Generate YAML data generation file from a DDL SQL file

dbworkload can assist with generating a stub of the data generation definition file, required by the csv command.

Example

  1. Create a DDL file. Let's call it bank.ddl.

    -- file: bank.ddl
    
    CREATE TABLE ref_data (
        acc_no BIGINT PRIMARY KEY,
        external_ref_id UUID,
        created_time TIMESTAMPTZ,
        acc_details VARCHAR
    );
    
    CREATE TABLE orders (
        acc_no BIGINT NOT NULL,
        id UUID NOT NULL default gen_random_uuid(),
        status VARCHAR NOT NULL,
        amount DECIMAL(15, 2),
        ts TIMESTAMPTZ default now(),
        CONSTRAINT pk PRIMARY KEY (acc_no, id)
    );
    
  2. Run the yaml command, passing in bank.ddl as the input.

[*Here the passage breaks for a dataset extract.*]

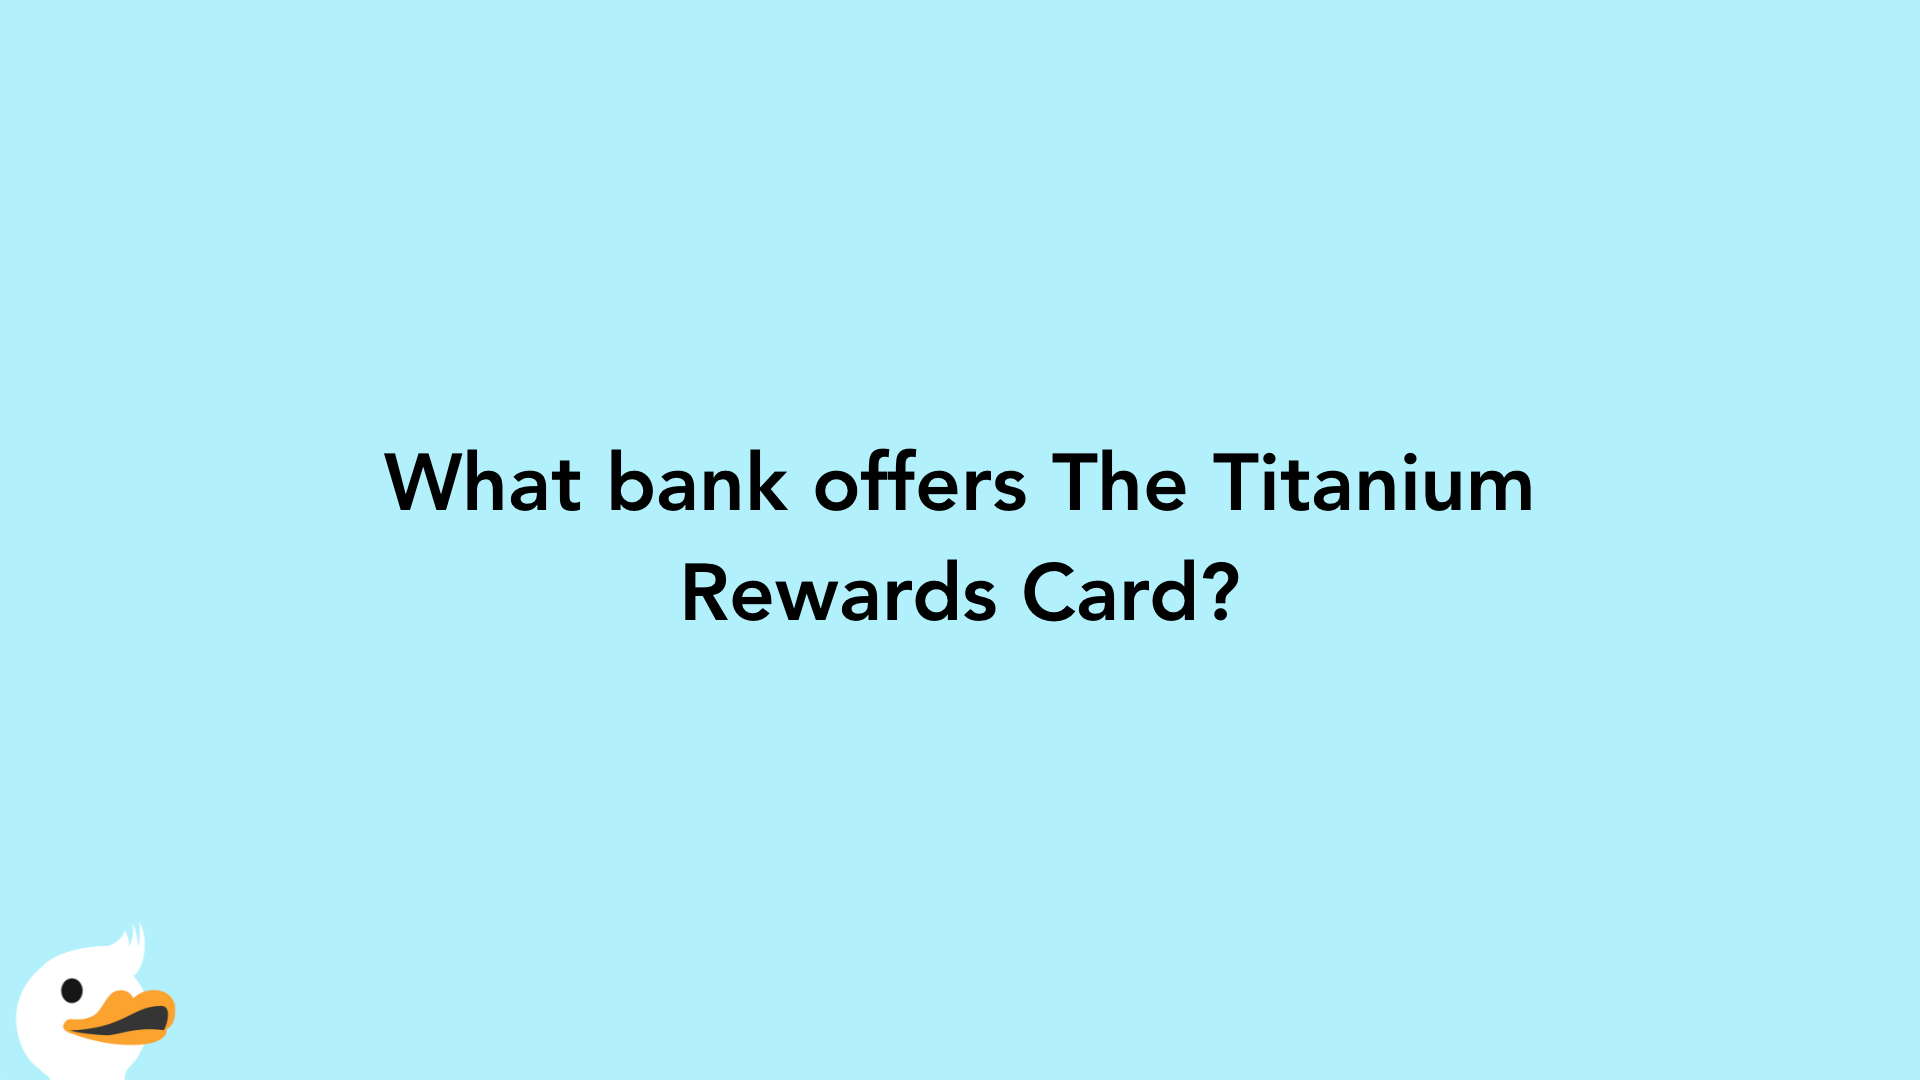 What bank offers The Titanium Rewards Card?

    dbworkload util yaml -i bank.ddl
    
  3. Open bank.yaml output and inspect YAML tree. This is a configuration file with instructions on what type of data to generate. Check section Types for a full list of available object types and arguments.

    ref_data:
      - count: 100
        sort-by: []
        columns:
          acc_no:
            type: integer
            args:
              min: -9223372036854775807
              max: 9223372036854775807
              seed: 64
              null_pct: 0.3
              array: 0
          external_ref_id:
            type: uuid
            args:
              seed: 76
              null_pct: 0.25
              array: 0
          created_time:
            type: timestamp
            args:
              start: "2000-01-01"
              end: "2024-12-31"
              format: "%Y-%m-%d %H:%M:%S.%f"
              seed: 78
              null_pct: 0.37
              array: 0
          acc_details:
            type: string
            args:
              min: 10
              max: 30
              prefix: ""
              seed: 54
              null_pct: 0.38
              array: 0
    orders:
      - count: 100
        sort-by: []
        columns:
          acc_no:
            type: integer
            args:
              min: -9223372036854775807
              max: 9223372036854775807
              seed: 83
              null_pct: 0.0
              array: 0
        id:
          type: uuid
          args:
            seed: 49
            null_pct: 0.0
            array: 0
        status:
          type: string
          args:
            min: 10
            max: 30
            prefix: ""
            seed: 58
            null_pct: 0.0
            array: 0
        amount:
          type: float
          args:
            min: 0
            max: 10000000000000
            round: 2
            seed: 11
            null_pct: 0.33
            array: 0
        ts:
          type: timestamp
          args:
            start: "2000-01-01"
            end: "2024-12-31"
            format: "%Y-%m-%d %H:%M:%S.%f"
            seed: 100
            null_pct: 0.26
            array: 0
    

Types

Below is a table with all available generators and their arguments

Generator Description Arguments Default
constant Returns value over and over value str "simplefaker"
sequence Returns an int increased by 1 starting from start start int 0
integer Returns an int between min and max min int 1
max int 1,000,000,000
float Returns a decimal between min and max with round precision min int 1
max int 1,000,000
round int 2
string Returns a str using chars [A-Za-z0-9] of length between min and max prefixed by prefix min int 10
max int 50
prefix str <blank>
json Returns a JSON string of length between min and max min int 10
max int 50
choice Picks an item population. Optionally set [cum_]weights. See docs population list[str] ["Mon", "Tue", "Wed", "Thu", "Fri", "Sat", "Sun"]
weights list[int] empty list
cum_weights list[int] empty list
timestamp Returns a random timestamp formatted as format between start and end. start str "2000-01-01"
start and end must be valid date representation end str "2024-12-31"
strftime quick ref format str "%Y-%m-%d %H:%M:%S.%f"
date start str "2000-01-01"
end str "2024-12-31"
format str "%Y-%m-%d"
time start str "07:30:00"
end str "22:30:00"
micros bool false
uuid Returns the string representation of a UUIDv4
bool Returns either 0 or 1
bit Returns a bit of size size size int 10
bytes Returns bytes of size size size int 10
custom Uses a python class defined in path path str
See example usage

Furthermore, all but sequence take these common arguments.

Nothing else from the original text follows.